In this instance I suspect it might not work quite the same way. In this case I suspect that you need to create your groups to start with i.e. longitudinal, transverse etc. and define exactly what the behviour of each group is i.e. can a single longitudinal crack branch part way along it's length, and if it does what does that do to it's classification.
Once you have that then for each crack, I would generate a random crack or pattern of cracks based on the classification you have created. You can then use something like a least squares approach to see how closely the crack you are checking fits against the random crack / cracks you have generated. You can repeat this analysis many times in the manner of a Monte-Carlo analysis to identify which of the randomly generated crack / cracks best fits the one you are checking.
To then deal with the false positives you will need to create a pattern for each of the different types of false positives i.e. the edge of a kerb is a straight line. You will then be able to run the analysis picking out which is the most likely group for each crack you analyse.
Finally, you will need to 'tweak' the definition of different crack types to try and get a better result. I guess this could either use an automated approach or a manual approach depending on how you define your different crack types.

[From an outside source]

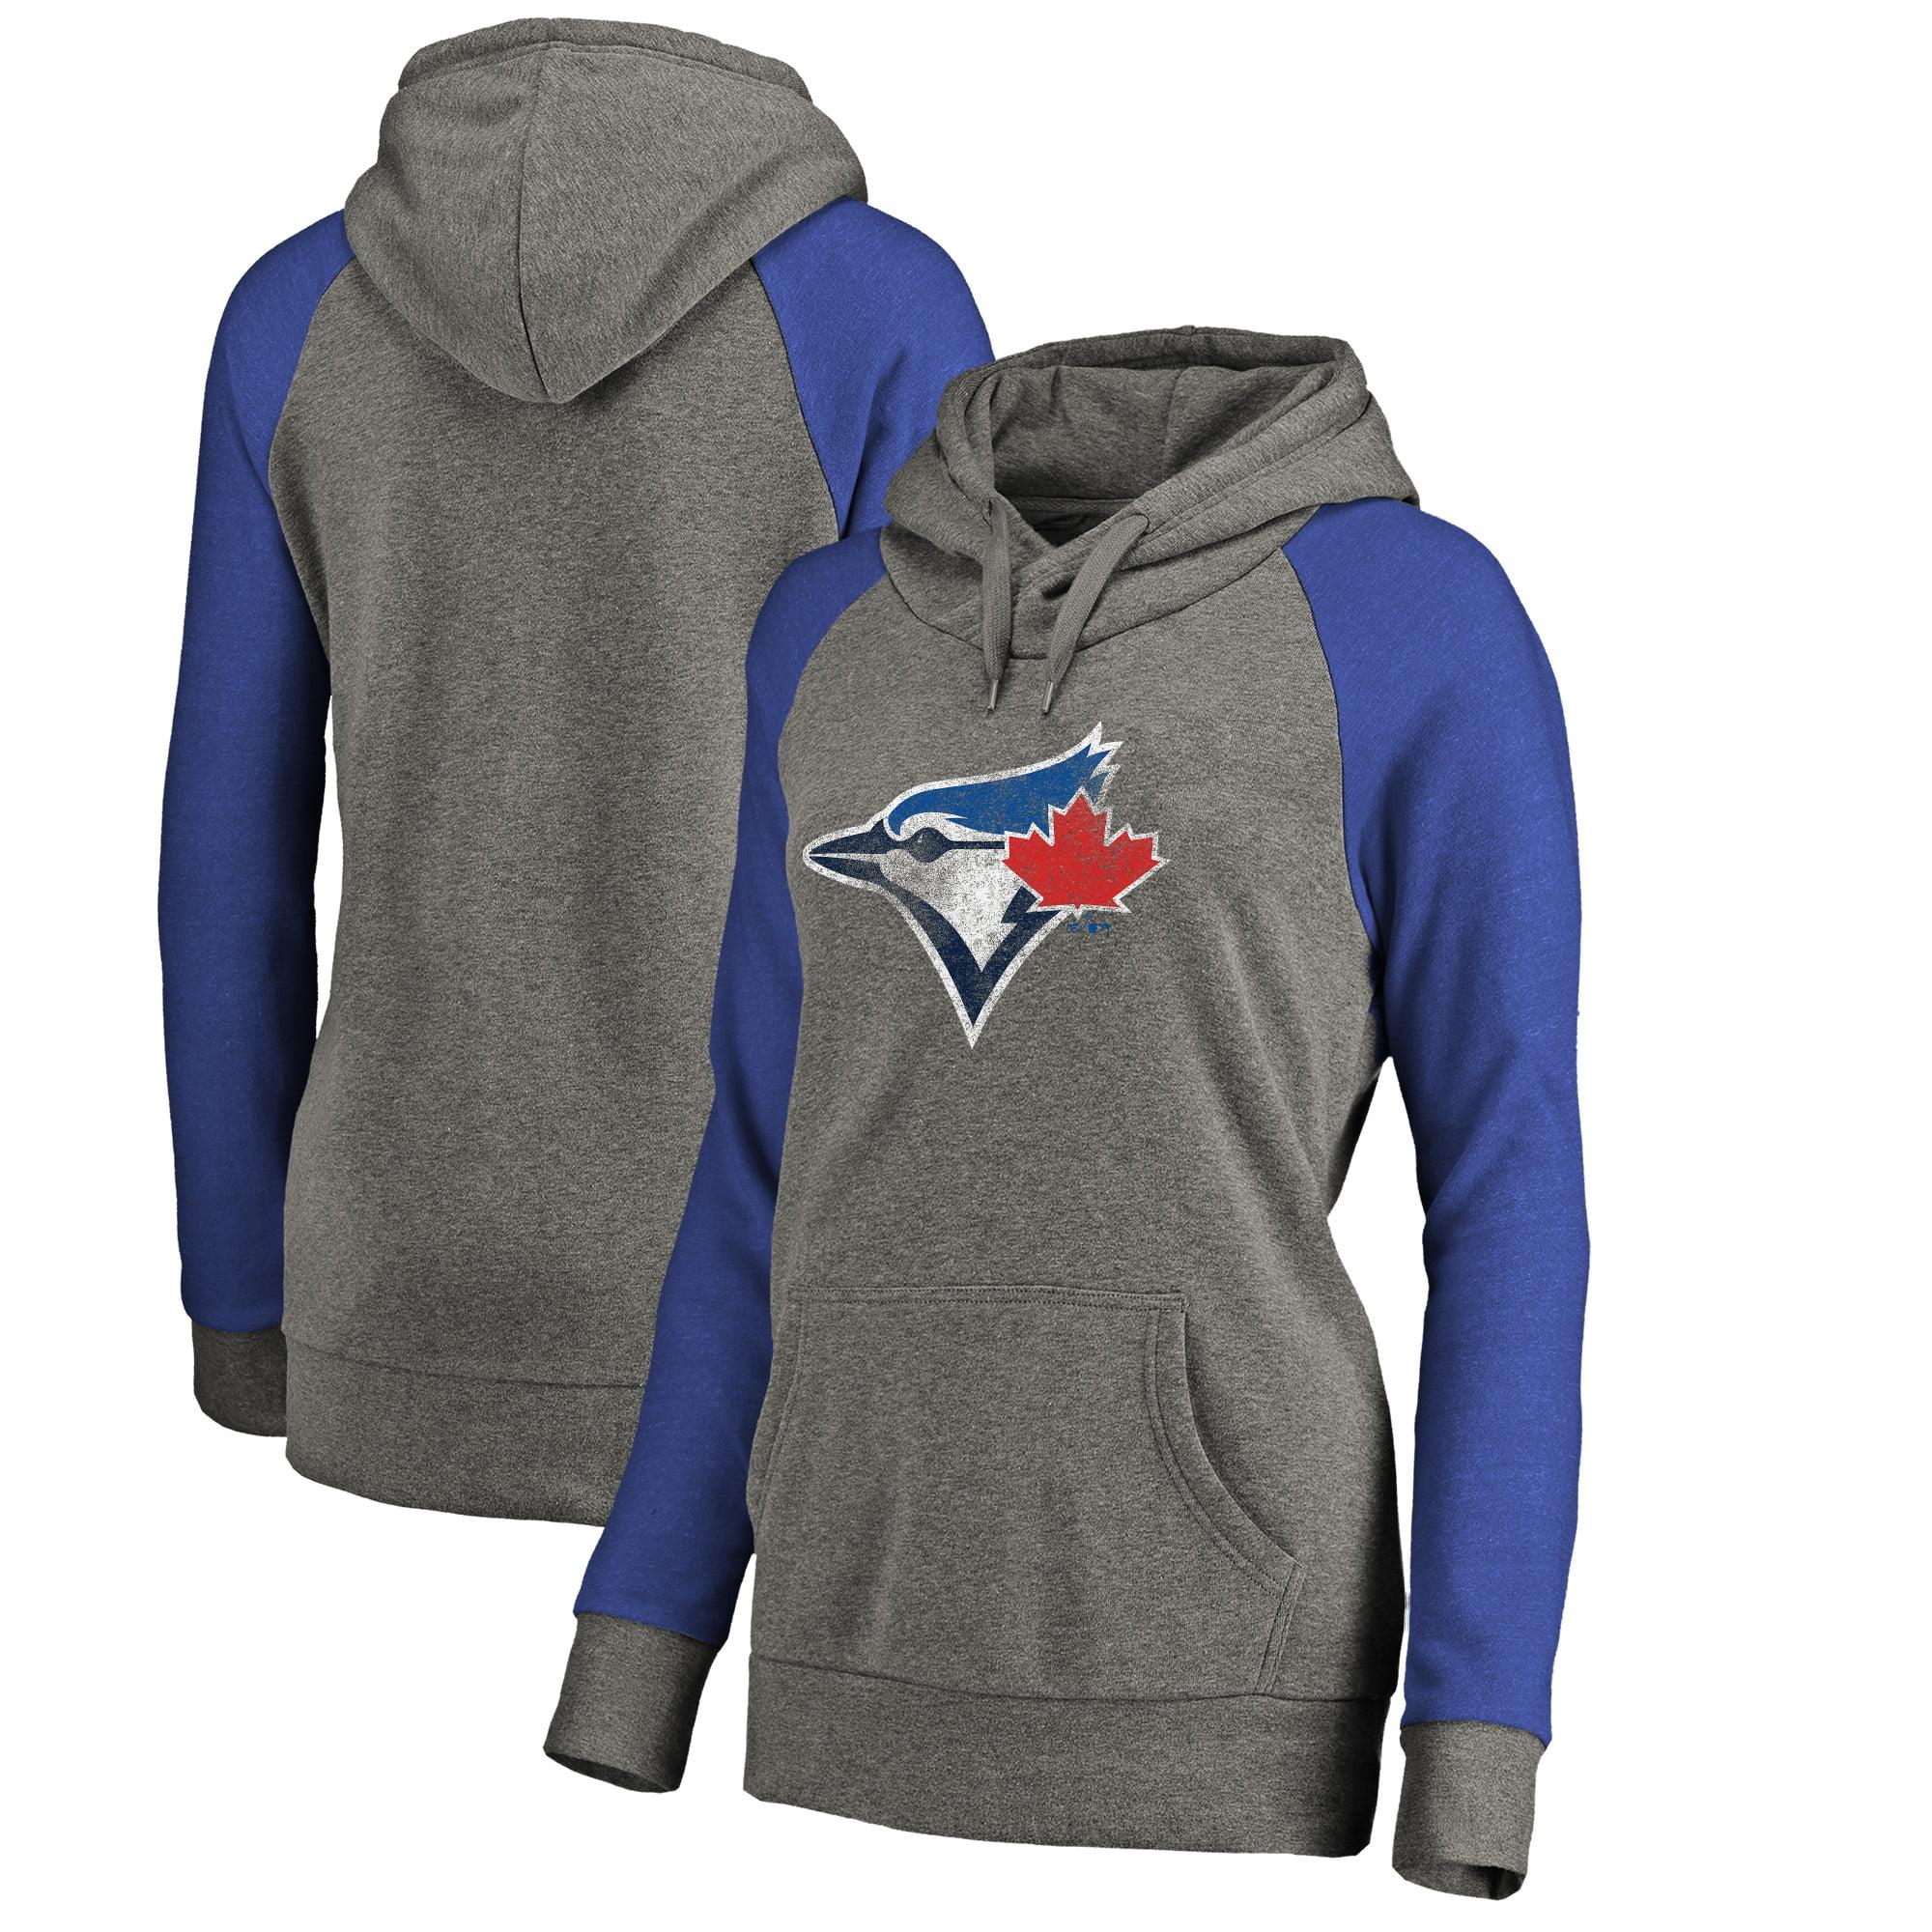 Toronto Blue Jays Fanatics Branded Women's Distressed Team Logo Tri-Blend Plus Size Raglan Pullover Hoodie - Gray/Royal

One other modification that sometimes helps when I'm doing problems like this is to have a random group. By tweaking the sensitivity of a random group i.e. how more or less likely a crack is to be included in the random group, you can sometimes adjust the sensitivty of the model to complex patterns that don't really fit anywhere.
Good luck, looks to me like you have a real challenge.
You should read about data mining, specially pattern mining.
Data mining is the process of extracting patterns from data. As more data are gathered, with the amount of data doubling every three years, data mining is becoming an increasingly important tool to transform these data into information. It is commonly used in a wide range of profiling practices, such as marketing, surveillance, fraud detection and scientific discovery.
A good book on the subject is Data Mining: Practical Machine Learning Tools and Techniques
(source: waikato.ac.nz) ](http://www.amazon.com/Data-Mining-Ian-H-Witten/dp/3446215336 "ISBN 0-12-088407-0")
Basically what you have to do is apply statistical tools and methodologies to your datasets. The most used comparison methodologies are Student's t-test and the Chi squared test, to see if two unrelated variables are related with some confidence.